Another strangely beautiful architectural design of Gouripur House and its practical utility are eye-catching: making multiple square, colourful glass windows to let the daylight come from the wooden ceiling just above the large bedrooms of the house. As a result, even the dark rooms inside during the day created an enchanting scene with beautiful soft coloured light, which even today shrouds Rabindranath Tagore's bedroom in solitude and emptiness. Seeing this dramatic stage of light created inside the room, an actor was needed, and therefore a white, hairy, synthetic fiber cloth abstract protagonist stood in static mode as a metaphor for an unknown story in this empty room. This fictional character is like the only ingestion in this empty room, absorbing the soft light through his whole body.  

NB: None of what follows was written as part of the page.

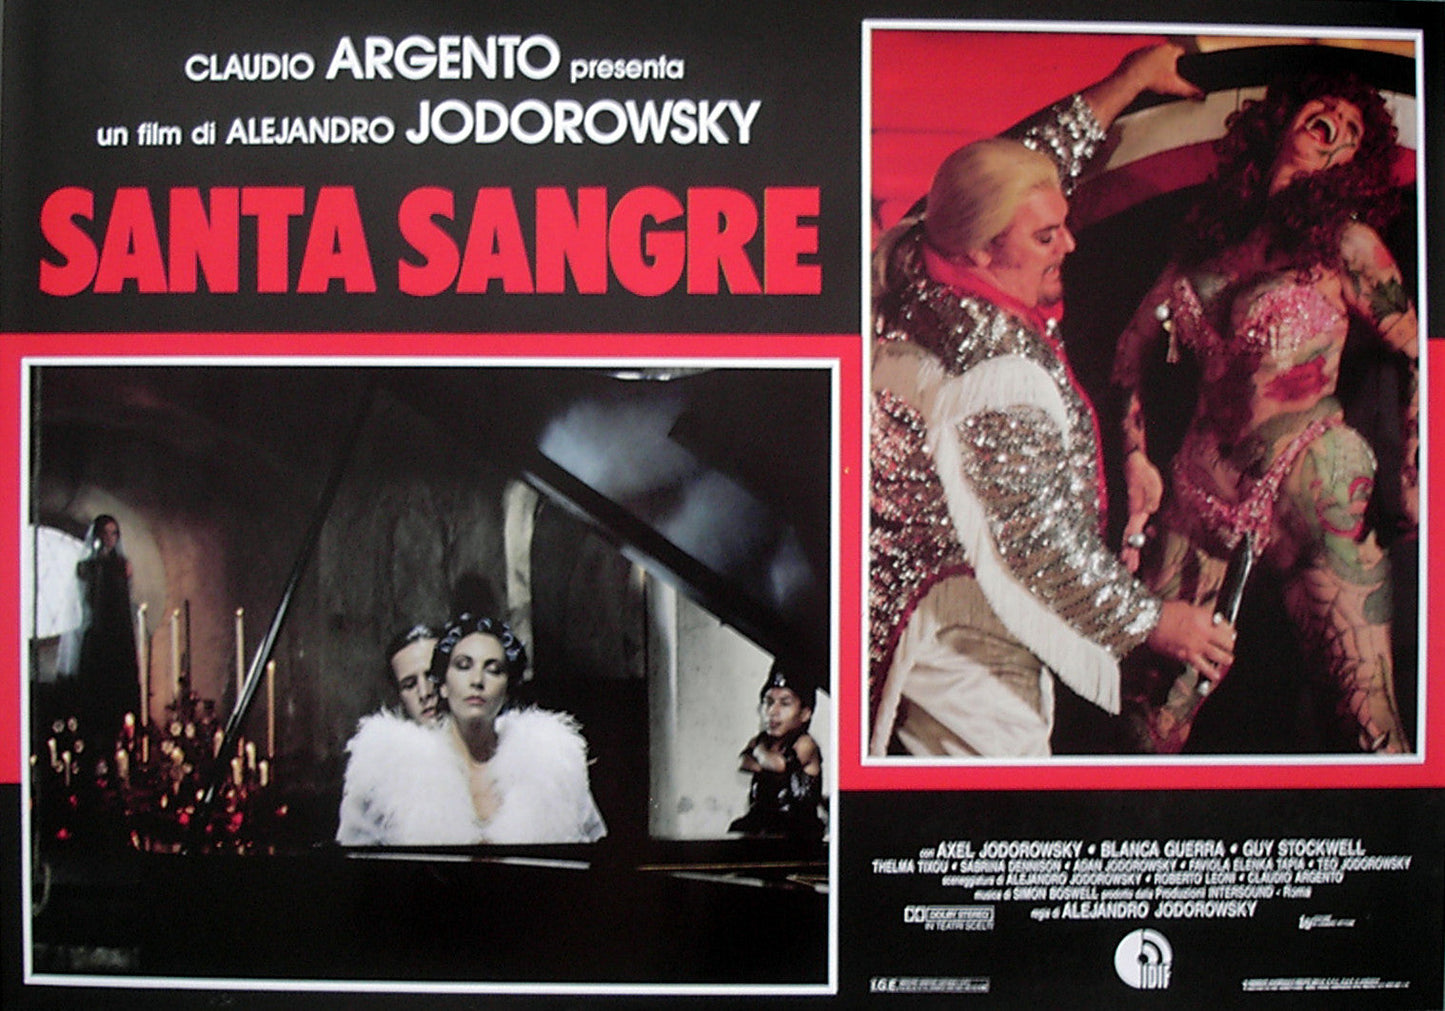 SANTA SANGRE - Italian photobusta poster

In the frigid light, the architecture of the vacant Gouripur House occasionally showed a dramatic or intellectual tone, or it seemed like an older storyteller expressing his own viewpoints through this undertaking (PGH). - Ghosh.
















We congratulate the enthusiastic artists without whom this project (PGH) would not have been completed: Rajesh Barman, Sudeb Ghosh, Sushanta Paul, and Amit Sutrodhar.